Objectives: To characterize patients receiving TORS for oropharyngeal tumors nationwide, compare the positive margin rate (PMR) among subsites, pathologic tumor stages, and facility types, and identify predictors of positive margins.
Methods: Retrospective review of the National Cancer Database (2010-2014). χ2 test was used to compare PMR between subgroups. Patient, tumor, and treatment factors were associated with positive margins via univariable and multivariable logistic regression All factors with p<0.2 for association with positive margins and all clinically-relevant factors were included in the multivariable model. T0 patients were excluded.
Results: 2,778 patients undergoing TORS were identified. Mean age was 59.5 years, 82.3% of patients were male, and 80.5% were treated at academic centers. 48.6% of tumors were HPV+ (34.1% unknown), 57.2% had a tonsil primary site, 39.3% base of tongue (BOT), 1.9% soft palate, and 1.5% other oropharynx. 86.9% of patients were T1/T2 and 10.3% were T3/T4. Overall PMR was 16.8%. PMR was significantly different in patients with higher T stage (pT1=13.4%, pT2=17.2%, pT3=28.3%, pT4A=42.1%, pT4B=58.3%; p<0.001). PMR was also higher in patients with BOT than tonsil primary site (19.4% vs 15.7%). Academic centers had a 15.7% PMR, as opposed to 25.2% for non-academic (p<0.001). Of demographic variables examined, age, insurance, and facility type were associated with margin status in univariable (p<0.2); the rest (sex, race, income, distance to facility) were excluded from the multivariable. On multivariable regression, high T stage was associated with increased positive margin rates (versus T1, T2: OR=1.53, CI=1.06 – 2.22; T3: 3.22 [1.88-5.52]; T4A: 5.25 [2.16-12.78]; T4B: 14.49 [2.50-83.92], p<0.001). Treatment at an academic facility was associated with decreased odds (0.58 (0.39-0.85), p<0.01). Demographics, extracapsular extension, lymph-vascular invasion, HPV status, subsite, and number of positive nodes were not associated with positive margin rates.
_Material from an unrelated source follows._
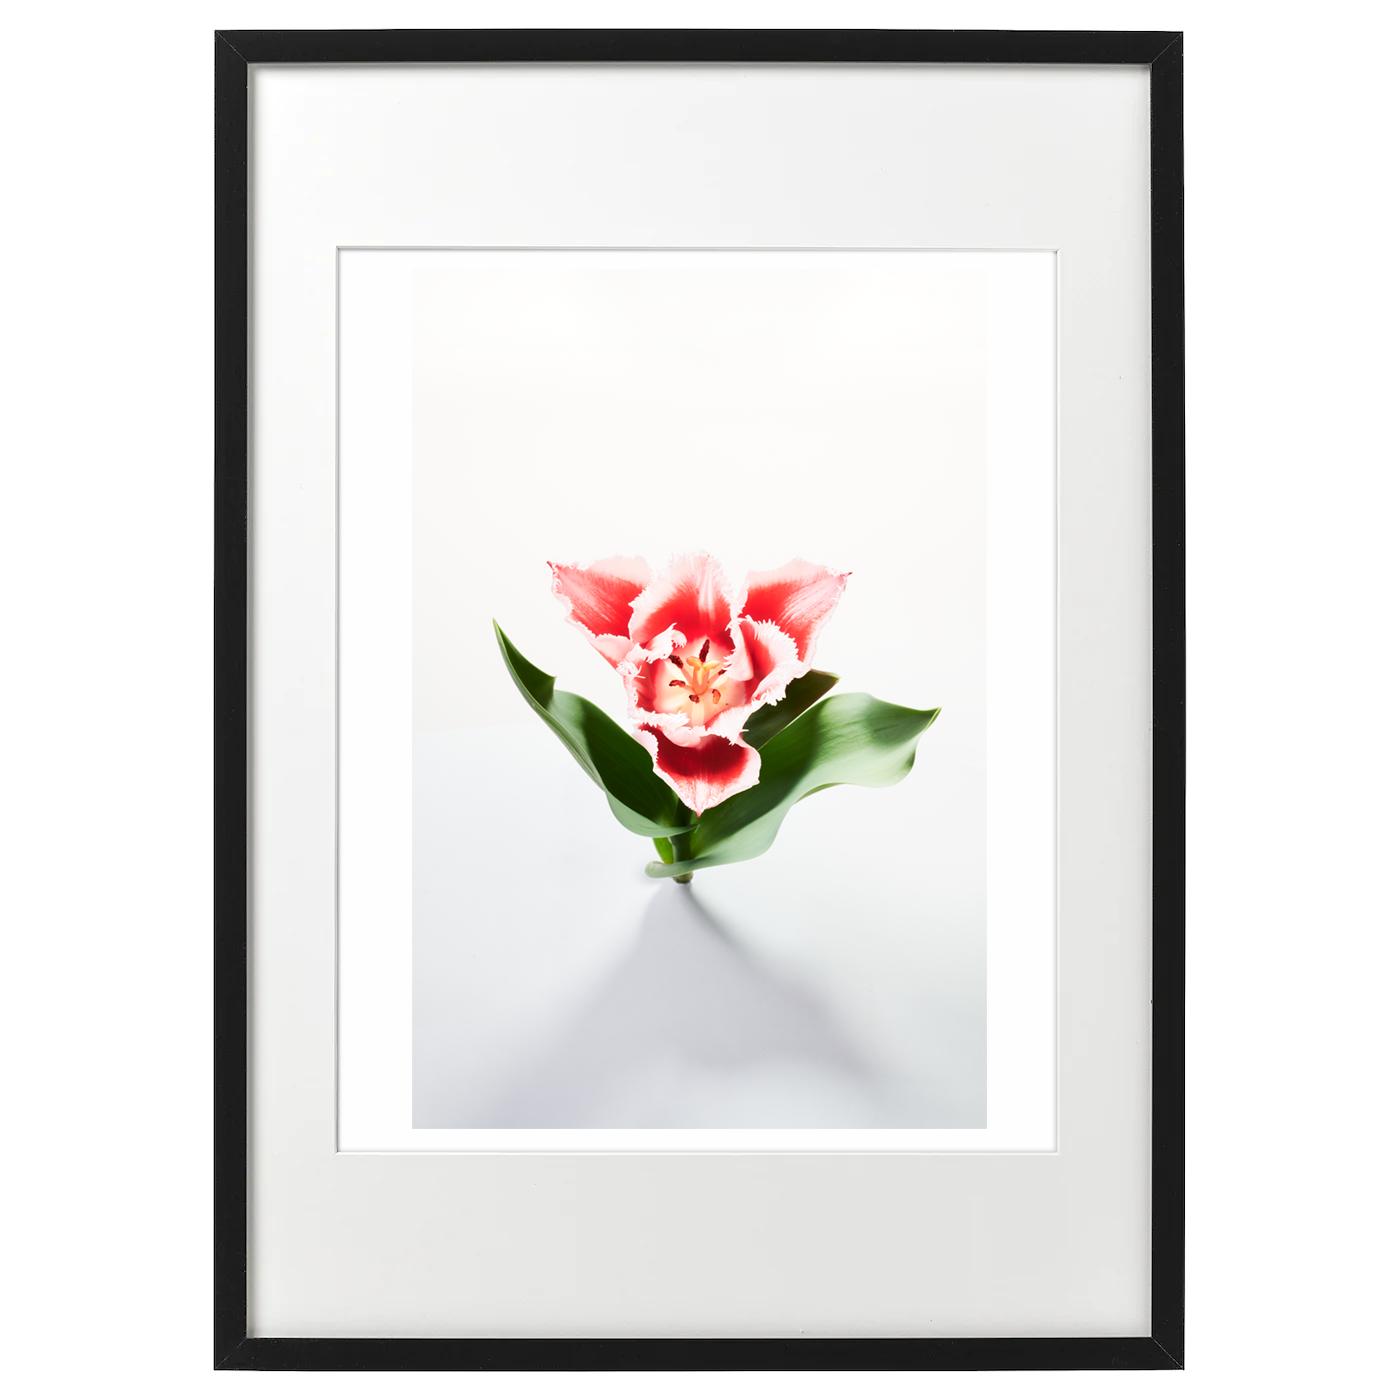 額装ハナ 2021-017 Tulip

Conclusions: TORS is typically performed at academic centers for tonsil and BOT-based tumors. The overall PMR is 16.8%. 10% of patients undergoing TORS have T3 or T4 disease, and, when controlling for demographic and clinical factors, higher T stage was strongly associated with increased risk of positive margins, with T3 and T4 tumors having the highest odds. Furthermore, non-academic centers carry twice the odds of positive margins as compared to academic. Further research is needed to determine the efficacy of TORS in tumors with high T stages and to understand reasons for the disparity between academic and non-academic centers utilizing TORS.